100,000 usuarios para los mortales
186A0 usuarios para los iniciados
11000011010100000 usuarios para los que SI saben binario

Felicidades señores, y especialmente a todos los moderadores, ya que esa cifra es una prueba palpable de que realmente han logrado un equilibro adecuado para la prosperidad de la comunidad, ya que esto es mas que un foro, ya que el foro es el medio para no solo compartir informacion, si no que tambien promueve los lazos de amistad que se crean poco a poco entre los que aqui estamos...

salu2! a todos.


----------



## Cacho (May 4, 2010)

Helminto G. dijo:


> tantos usuarios y yo solo conosco a los moderacionadores


Te estás perdiendo de los buenos entonces


----------



## rash (May 5, 2010)

Madre mía¡¡¡¡¡ 100.000 usuarios¡¡¡¡ como para conocerlos a todos 

Felicitaciones a todos........ 

buen trabajo chicos...


----------



## Helminto G. (May 5, 2010)

hecho rash te comisiono a que felicites a uno por uno y los conoscas je je


----------



## rash (May 5, 2010)

Helminto G. dijo:


> hecho rash te comisiono a que felicites a uno por uno y los conoscas je je


ok¡¡¡ aunque tengo mala memoria para los nicks 

ya llenamos un campo de futbol  ............. se imaginan?


----------



## Helminto G. (May 5, 2010)

la cosa es llegar a tener tantos usuarios como transistores un procesador?


----------



## antiworldx (May 5, 2010)

Helminto G. dijo:


> la cosa es llegar a tener tantos usuarios como transistores un procesador?

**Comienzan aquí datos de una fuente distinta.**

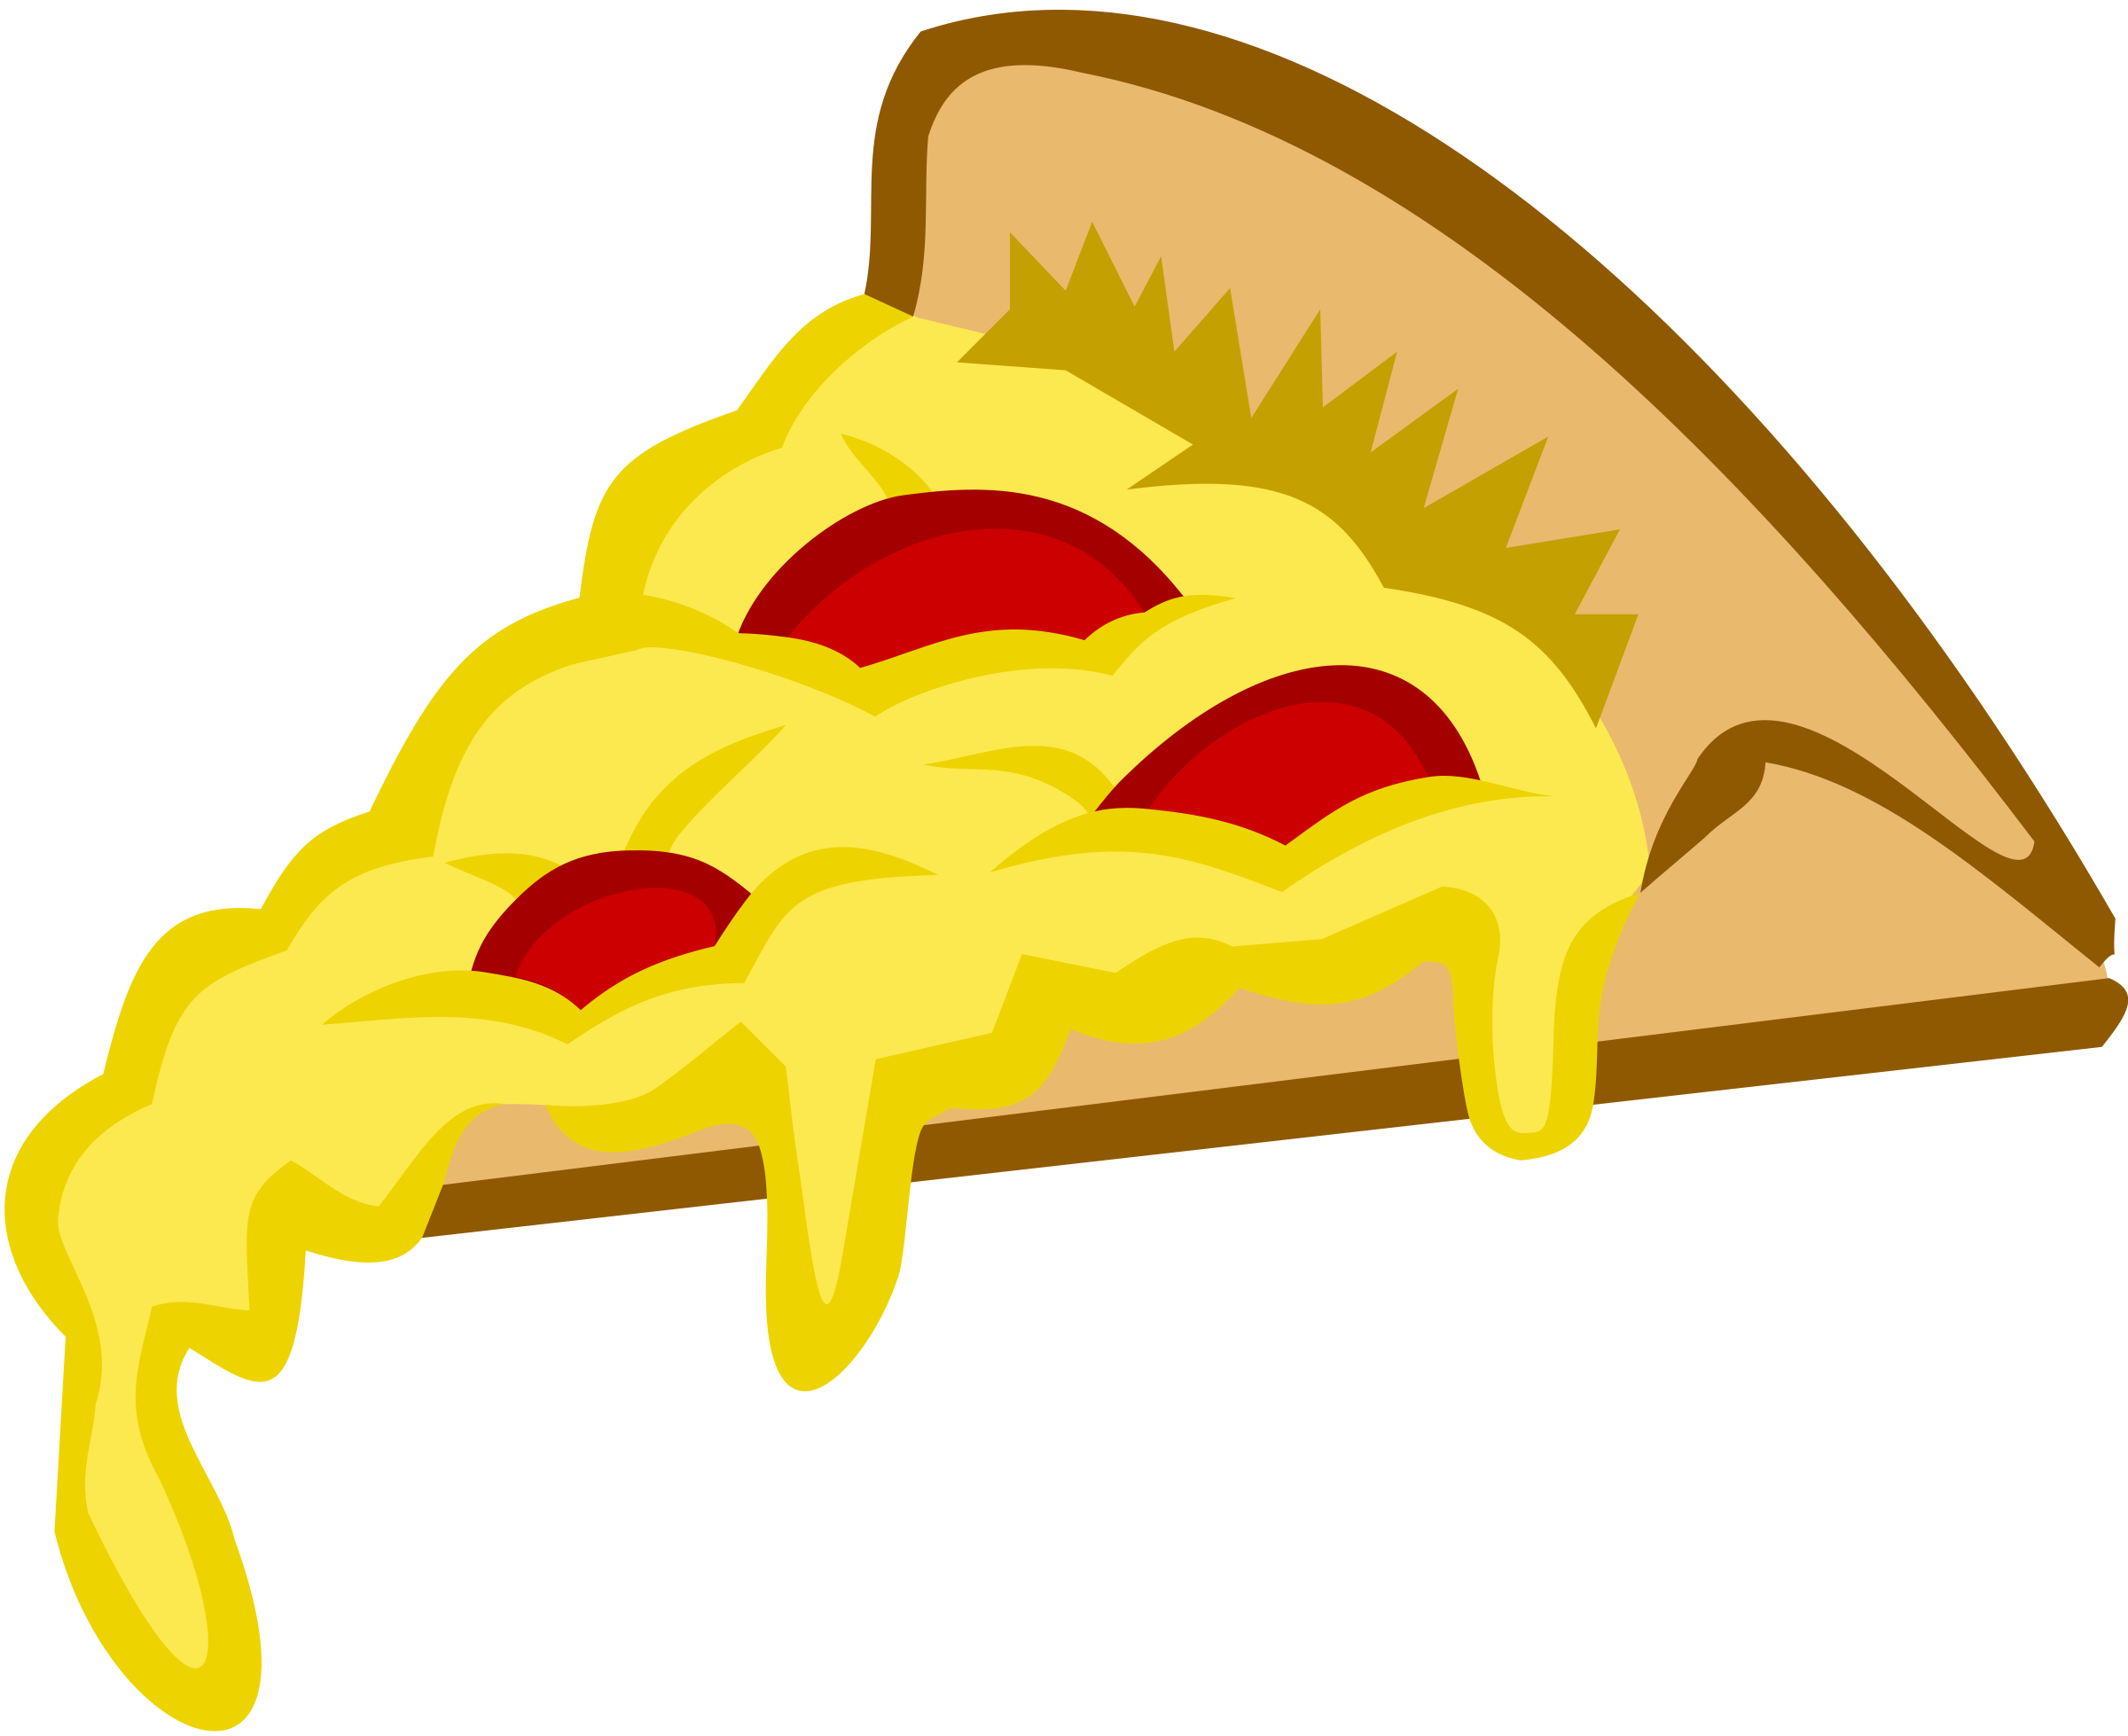 Free Cheese Pizza Clipart, Download Free Clip Art, Free Clip

Tendriamos que empezar un disipador en el foro... 
Insisto, excelente tarea que han realizado los moderadores para poder mantener a tantos en orden.


----------



## Fogonazo (May 5, 2010)

Visto la gran cantidad de usuarios nuevos, contratamos un nuevo Moderador, el *Padre Merrin*, se los presento:


----------



## palomo (May 5, 2010)

antiworldx dijo:


> excelente tarea que han realizado los moderadores para poder mantener a tantos en orden.


 

¿A tantos?   .  Si, foros de electronica a llegado a los 100,000 usuaios pero cuantos no se han dado de alta, postean 1 o 2 mensajes y durante años ya no se sabe de ellos, es mas llevan años sin entrar al foro, no seria bueno hacer una depuracion de aquellos foreros en la cual su cuenta ha estado inactiva por mas de 1 año, digo es una idea.

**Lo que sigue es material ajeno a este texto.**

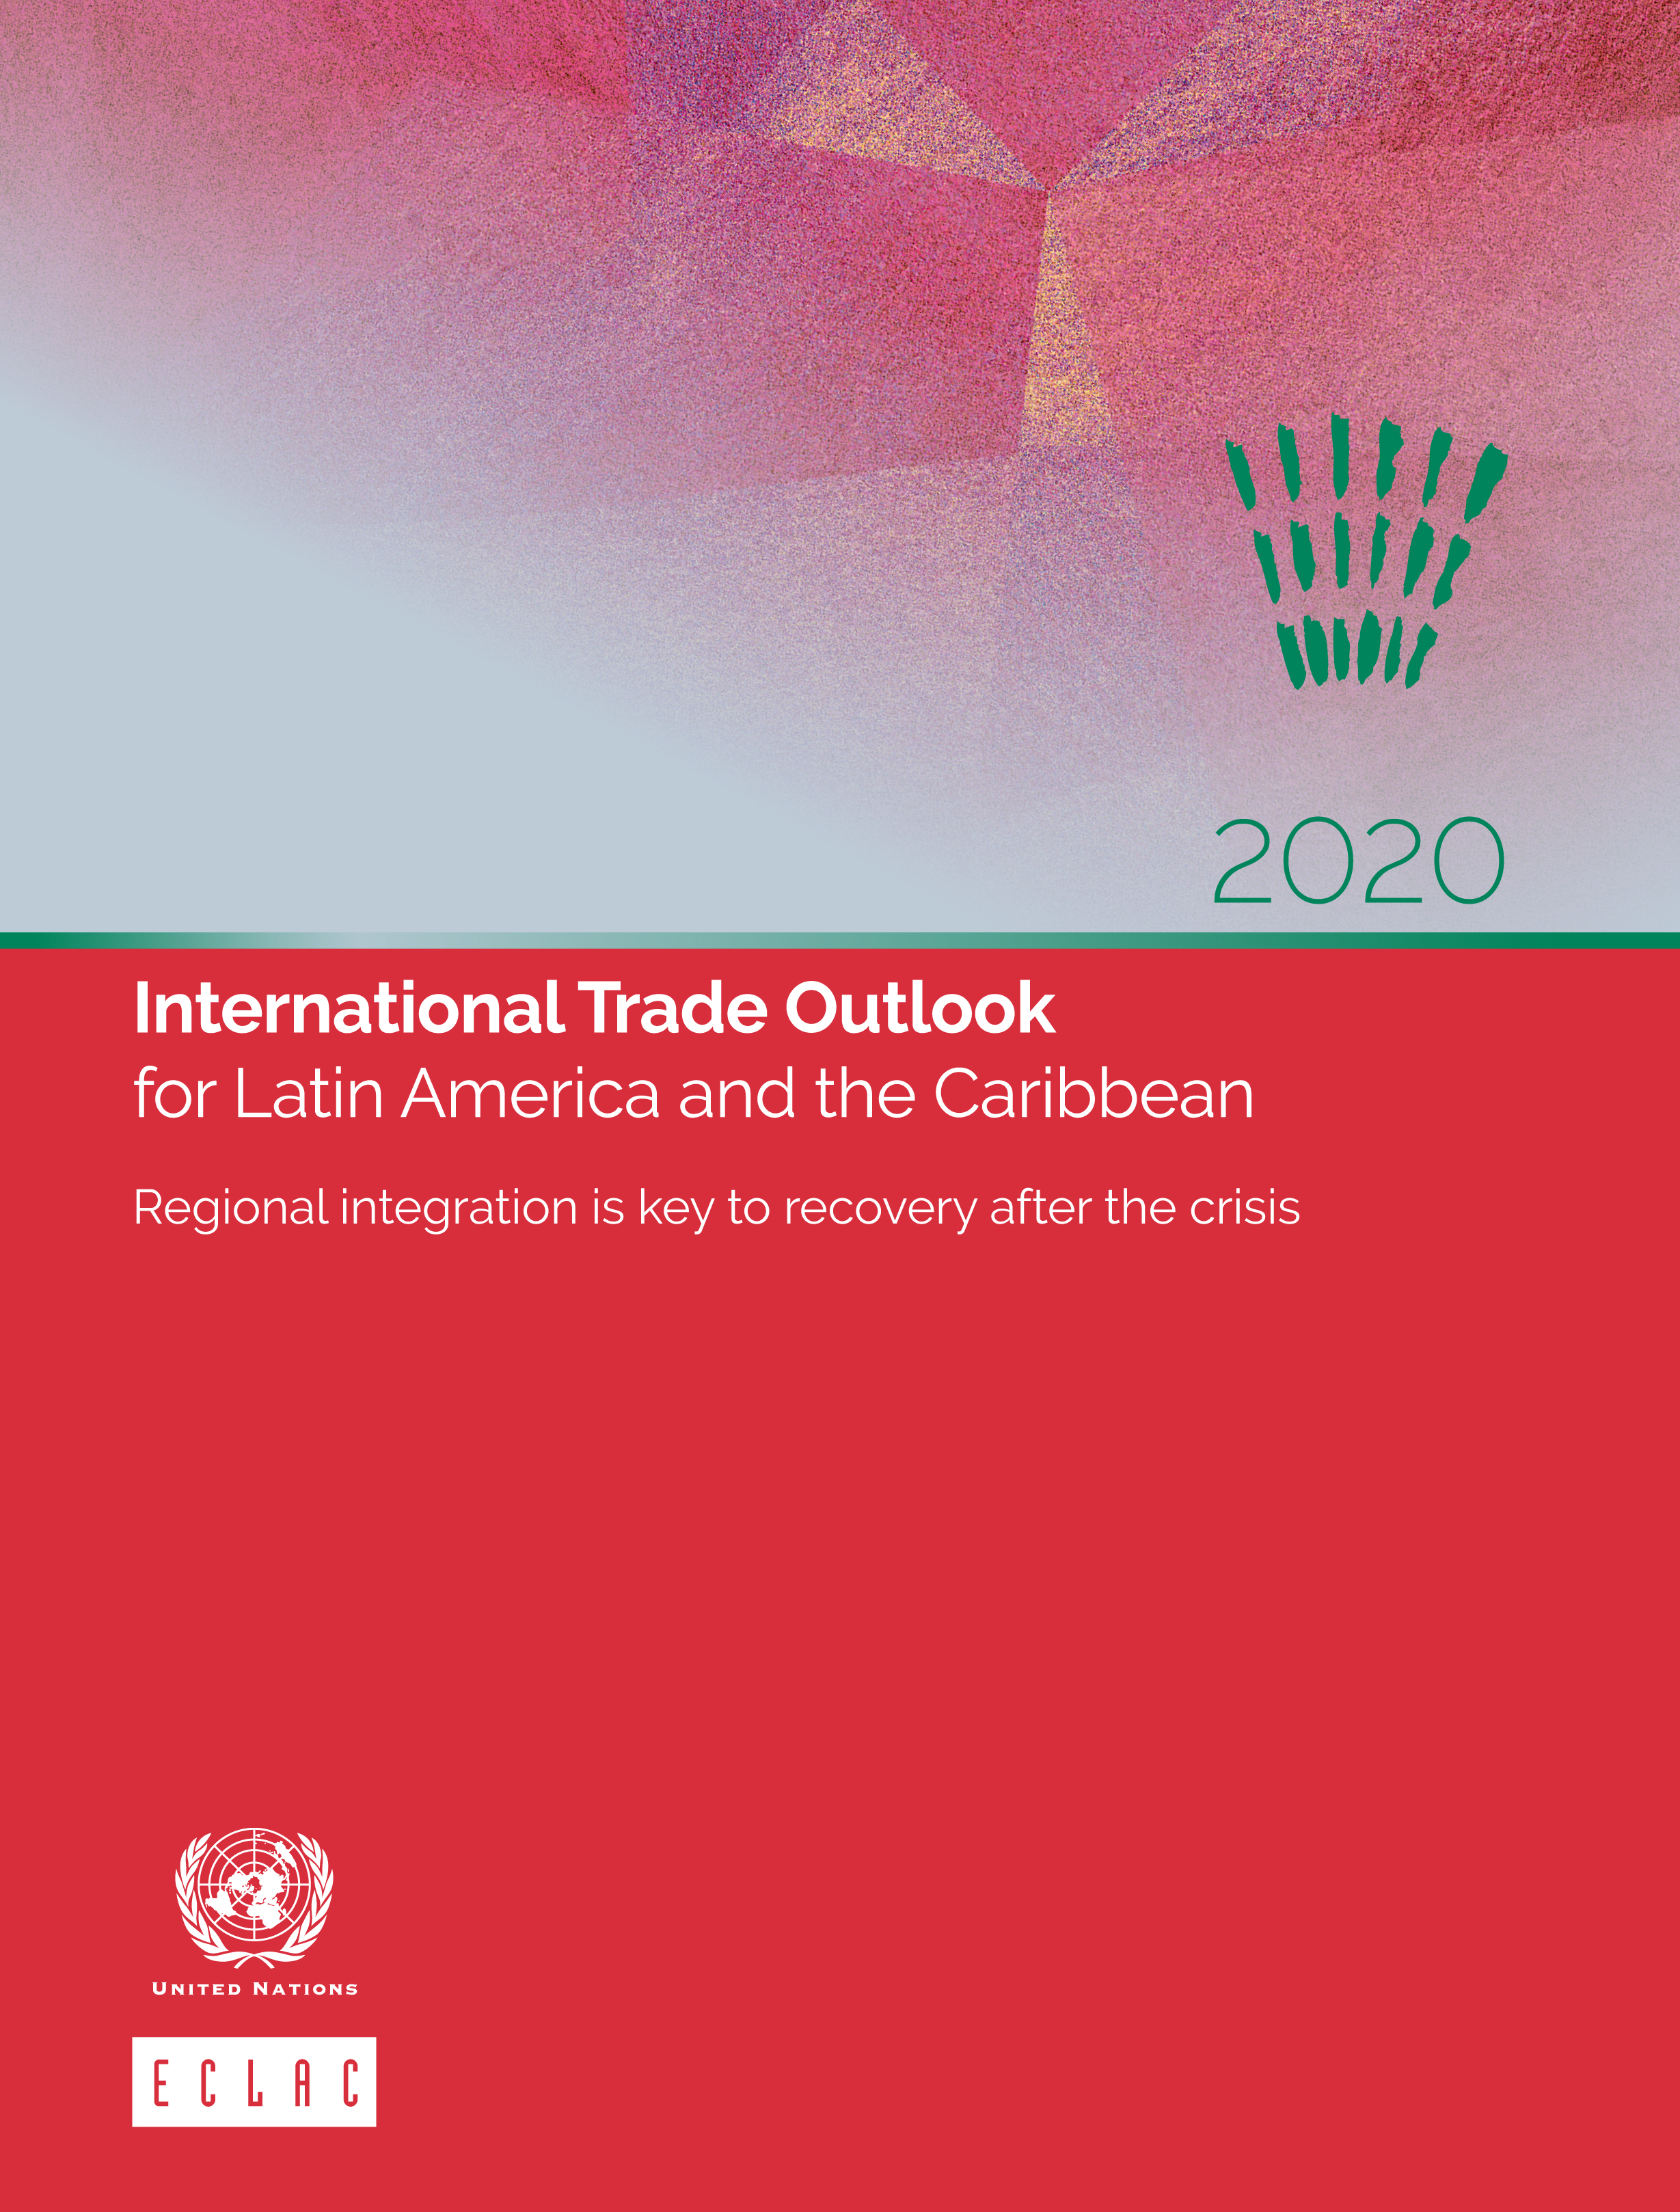 image of International Trade Outlook for Latin America and the Caribbean 2020

Y felicidades a todos que hacen que este foro sea cada dia mejor.


----------



## Hammer Facer (May 5, 2010)

palomo dijo:


> ¿A tantos?   .  Si, foros de electronica a llegado a los 100,000 usuaios pero cuantos no se han dado de alta, postean 1 o 2 mensajes y durante años ya no se sabe de ellos, es mas llevan años sin entrar al foro, no seria bueno hacer una depuracion de aquellos foreros en la cual su cuenta ha estado inactiva por mas de 1 año, digo es una idea.




Nooooo.....!!! Volveremos a ser 100 usuarios ... 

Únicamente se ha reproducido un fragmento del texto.